For GalCiv2.com on my computer, the memory use goes like 45,180Kb in Firefox 2 vs 54,140Kb in Firefox 3. That is for portable installations, which have no add-ons.
on Jun 25, 2008
For GalCiv2.com in my computer, the memory use goes like 45,180Kb in Firefox 2 vs 54,140Kb in Firefox 3. That is for portable installations, which have no add-ons.


Try browsing with multiple tabs and you'll likely see the improvement.
on Jun 25, 2008
Okay, I opened galciv2.com, gmail.com (and signed in), digg.com, bbc.co.uk and portableapps.com.

Firefox 3: 85,749
Firefox 2: 74,312
Firebird 0.7: 49,448
on Jun 25, 2008

Firefox 3 is teh win!

on Jun 26, 2008
Okay, I opened galciv2.com, gmail.com (and signed in), digg.com, bbc.co.uk and portableapps.com.Firefox 3: 85,749Firefox 2: 74,312Firebird 0.7: 49,448


Five isn't what I'd call "multiple"

When I'm doing my rounds, I typically have about 40-60 tabs open at once.

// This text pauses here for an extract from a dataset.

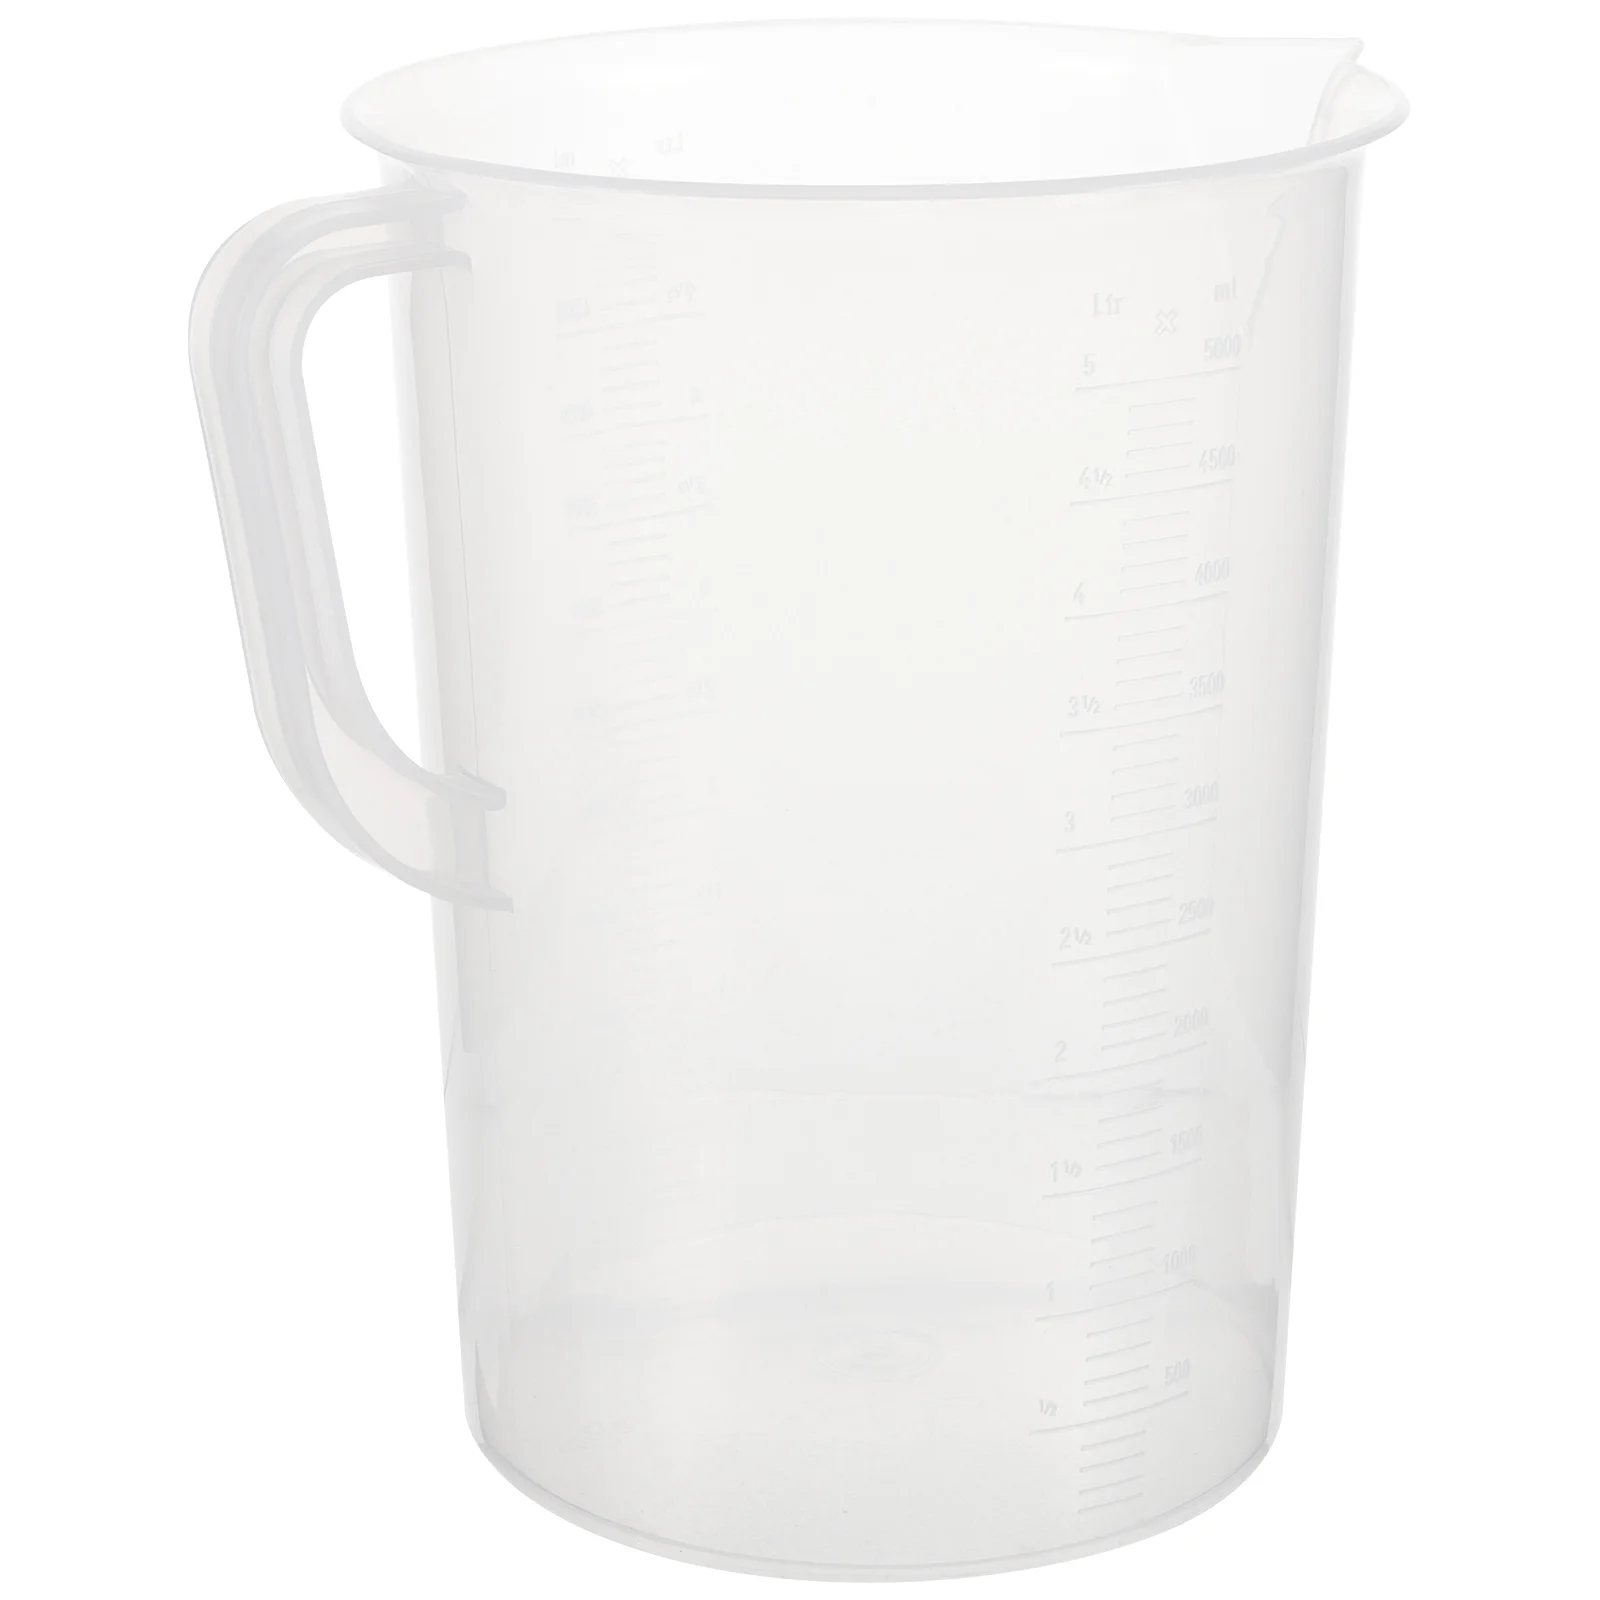 

Measuring Cup New Apartment Essentials Plastic Cups Clear Oil Large Capacity Liquid Dispenser Scaled Holder

It starts to add up then, and with FF1/FF2, the memory tends to not be released entirely when those tabs are closed and another round gets opened. Repeat, and it adds up fast.

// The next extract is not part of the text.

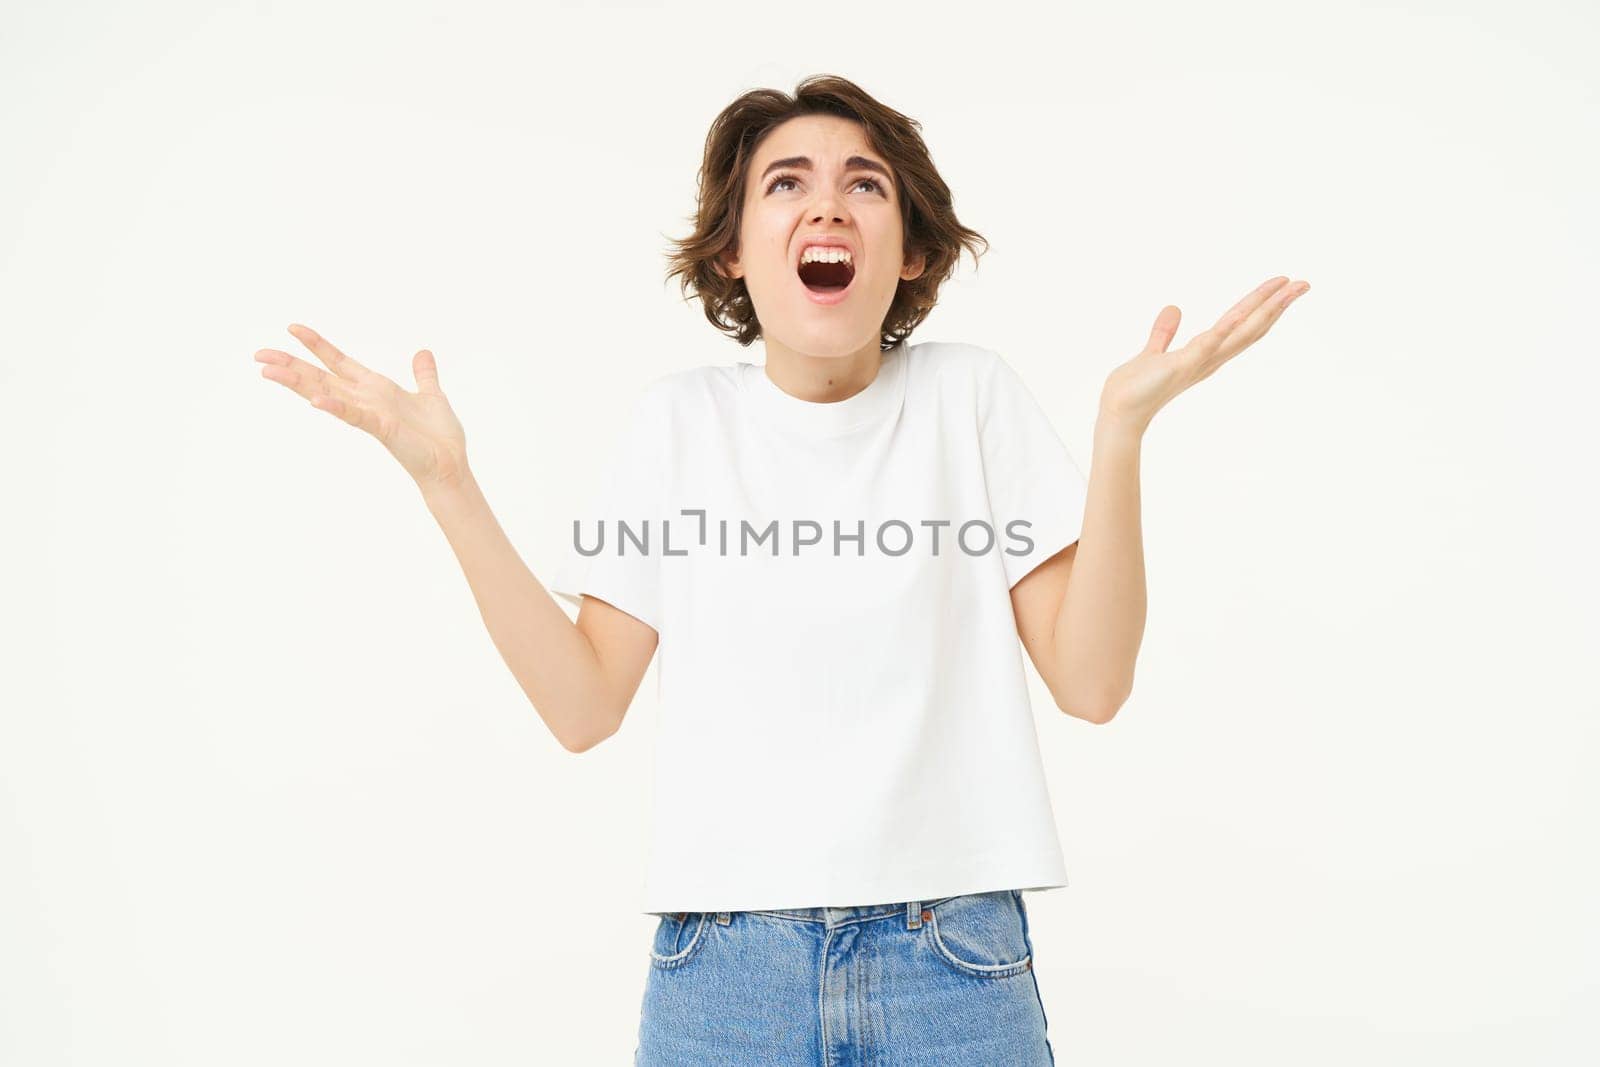 Frustrated young woman, looking upset and disappointed, complaining, screaming from distress and anger, standing over white studio background.

Paging through links in each tab is also a factor, as FF keeps the prior pages in memory for fast back navigation as well.
on Jun 27, 2008
Hm... Running it on my laptop now without portable apps stuff. I guess they did improve memory management. At some point it was something like 33meg, which is smaller than after startup. Weird.
on Jun 27, 2008
40-60 tabs? Wow, that's a lot, that's got to be pretty uncommon right? Don't most people just, like, close them when they're done?

Anyway, I don't really get the FF3 fanboyism. Was using FF2 before, but now I'm trying out Opera 9.5 at the moment and it's really nice (though I have ff3 installed too). I know the FF addons are a big part of the pull, but I just can't be arsed to go looking for them, I have very simple browsing needs and Opera seems to cater for them just fine in the default package without needing to go searching, downloading, trying and updating addons.
on Jun 27, 2008
40-60 tabs? Wow, that's a lot, that's got to be pretty uncommon right?

It is a weird way to use tabs, primarily because there is no good way to navigate that many. Even TabMixPlus (which is not yet ported to FF3). That's not to say memory management can be ignored.

I wish FF3 improved startup time too, because is quite noticeable on Windows and really, really long on FreeBSD/xfce. It's one thing when you surf, it's another thing when you just want to open some javadoc from an IDE.

Anyway, I don't really get the FF3 fanboyism.

Me neither, and that's coming from someone still using FF as a primary browser since Firebird times.
on Jun 27, 2008
It is a weird way to use tabs, primarily because there is no good way to navigate that many.


Eh, not really. It's basically just from opening an entire page worth of threads from the recent posts lists at once, then going through each thread and closing them as I go.